I also got the sum of fatalities, injuries and property damage as these are important in determining health and economic impact of the events.

# Data Cleaning
cleaned_storm_data <- storm_data |> 
  filter(!is.na(EVTYPE)) |> 
  mutate(PROPDMG = PROPDMG * ifelse(PROPDMGEXP %in% c("K", "M"), 1000, 1))


# Summary Statistics
summary_stats <- cleaned_storm_data |> 
  summarise(
    total_fatalities = sum(FATALITIES),
    total_injuries = sum(INJURIES),
    total_damage = sum(PROPDMG)
  )
summary_stats

# A tibble: 1 × 3
  total_fatalities total_injuries total_damage
             <dbl>          <dbl>        <dbl>
1            15145         140528 10875995063.

Results

Population Health Impact

Next, to properly look at the population health impact, the dataset is grouped by event type and sum of the fatalities and injuries are compared in a variable called event_harm. This variable is then plotted, taking a look at the top 10.

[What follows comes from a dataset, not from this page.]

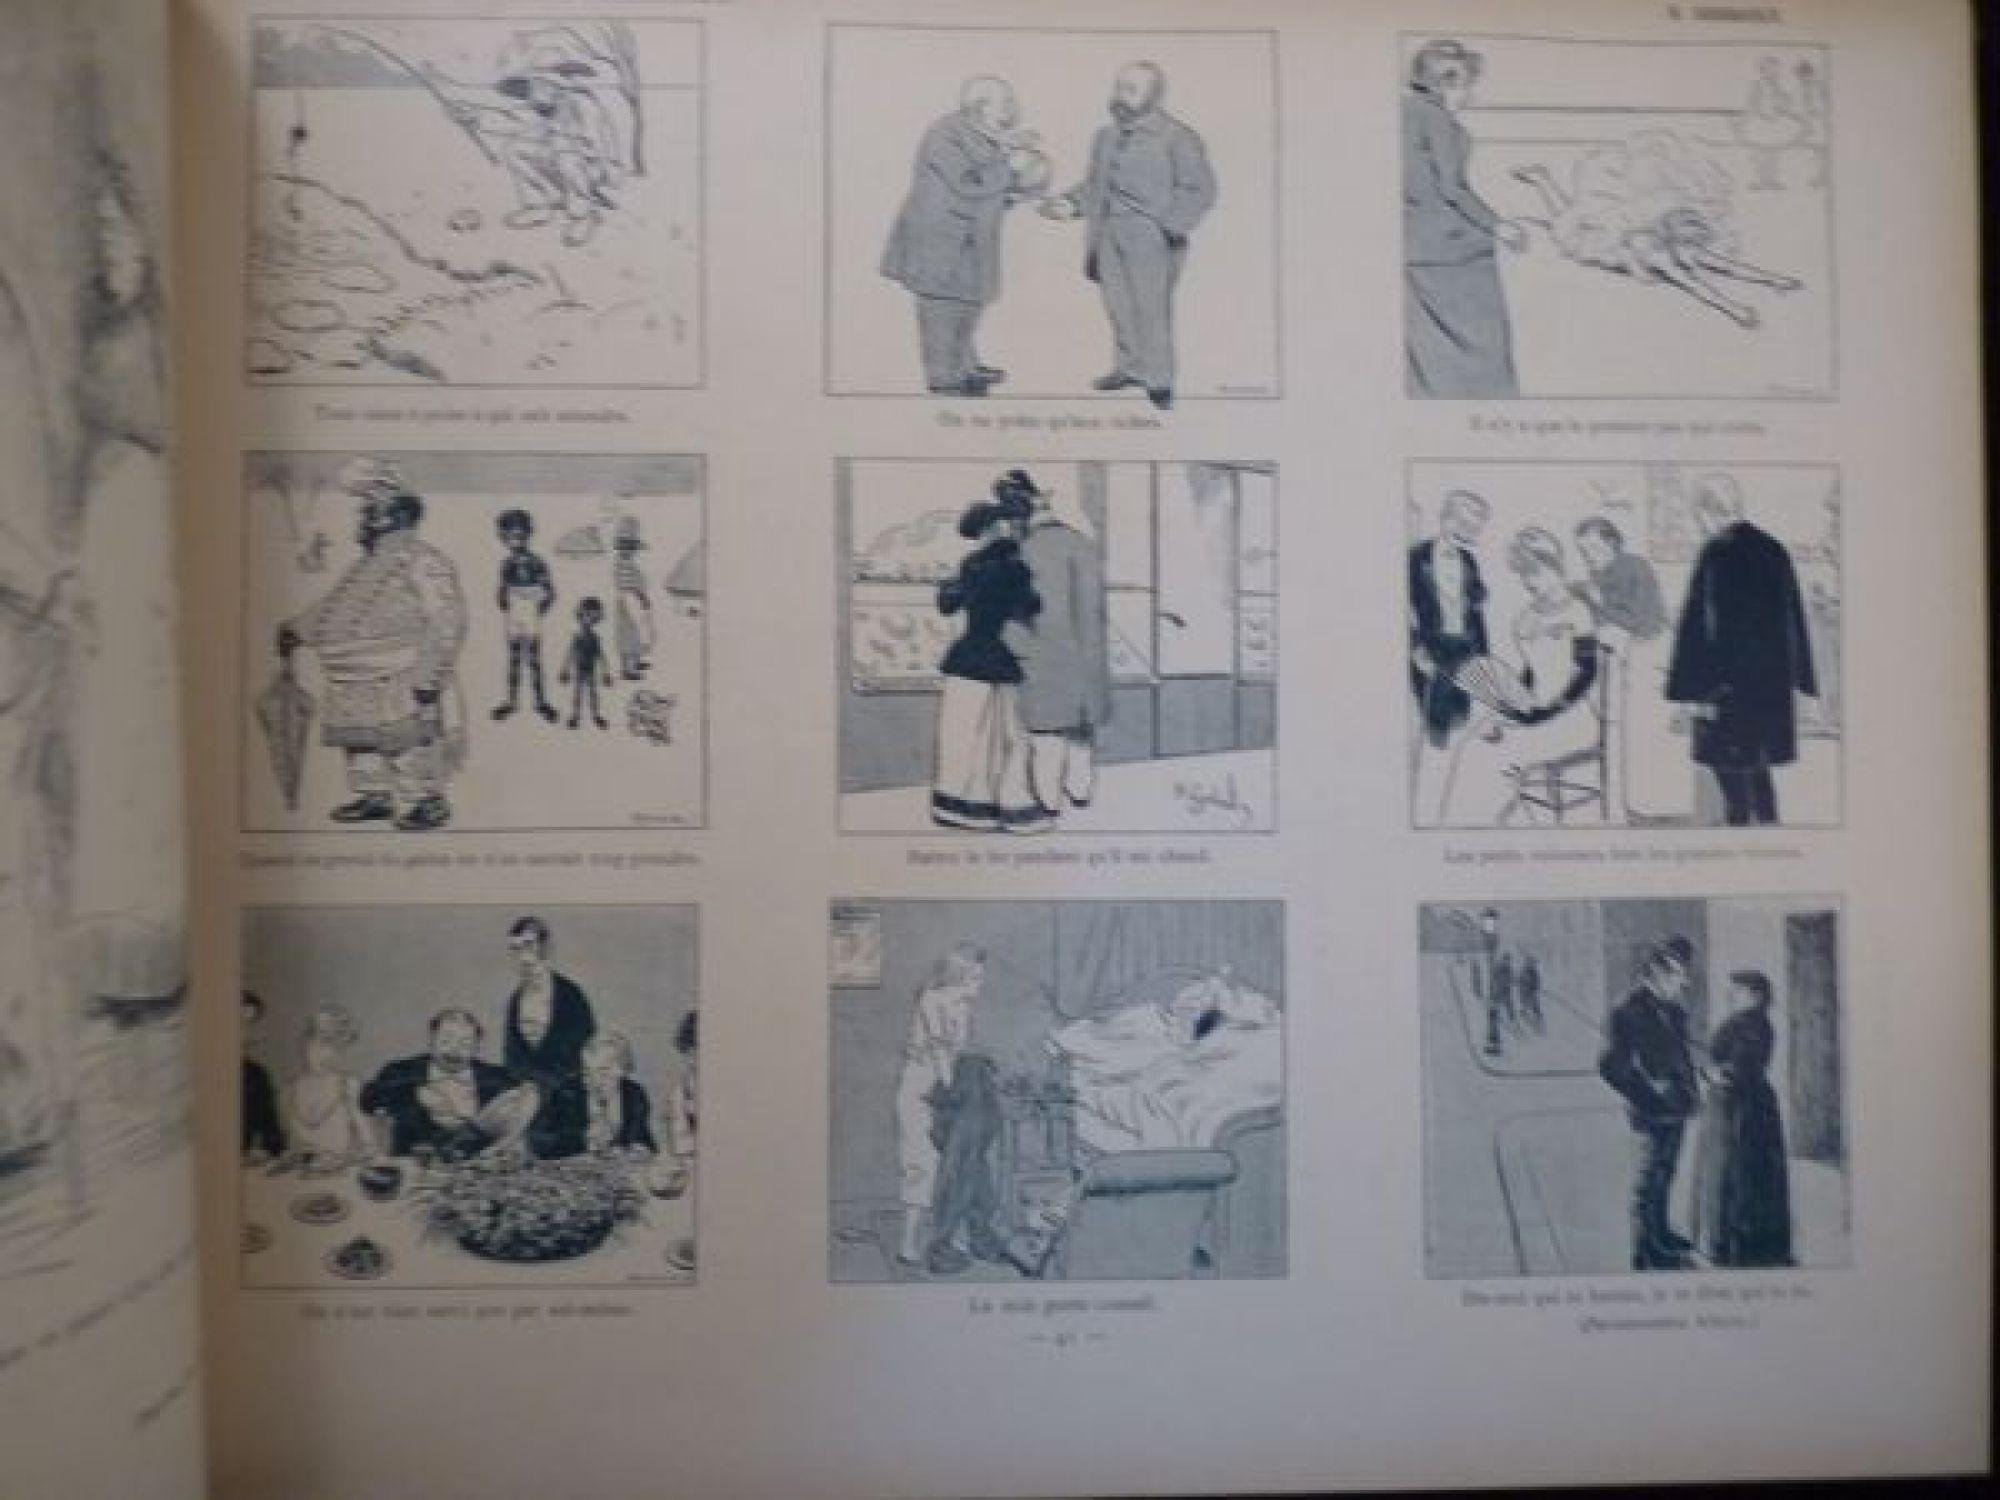 collectif la galerie comique du dix neuvi 232 me si 232 cle edition originale edition originale

event_harm <- cleaned_storm_data |> 
  group_by(EVTYPE) |> 
  summarise(total_harm = sum(FATALITIES + INJURIES)) |> arrange(desc(total_harm))

# Visualization
event_harm |> 
  top_n(10, total_harm) |> 
  ggplot(aes(x = reorder(EVTYPE, -total_harm), y = total_harm)) +
  geom_bar(stat = "identity", fill = "blue") +
  labs(
    title = "Top 10 Events with Highest Population Health Impact",
    x = "Event Type",
    y = "Total Harm"
  ) +
  theme(axis.text.x = element_text(angle = 45, hjust = 1))

Economic Consequences

The final aspect is to analyse and check the economic consequences. Naturally, property damage is one of the metrics for measuring economic consequences of events like these. The data is grouped by event type and the property damage associated with each event is calculated. This is stored in a variable called event_damage that is then visualized.

event_damage <- cleaned_storm_data |> 
  group_by(EVTYPE) |> 
  summarise(total_damage = sum(PROPDMG)) |> 
  arrange(desc(total_damage))

# Visualization
event_damage |> 
  top_n(10, total_damage) |> 
  ggplot(aes(x = reorder(EVTYPE, -total_damage), y = total_damage)) +
  geom_bar(stat = "identity", fill = "red") +
  labs(
    title = "Top 10 Events with Greatest Economic Consequences",
    x = "Event Type",
    y = "Total Damage"
  ) +
  theme(axis.text.x = element_text(angle = 45, hjust = 1))

Conclusion

Looking at population health impact, tornadoes are the most harmful. Also, on economic impact, tornadoes are still the most damaging event followed in order by flash floods, TSTM wind, flood, thunderstorm wind, hail,lightning, thunderstorm winds, high wind and winterstorm as the top ten events that cause the most economic damage.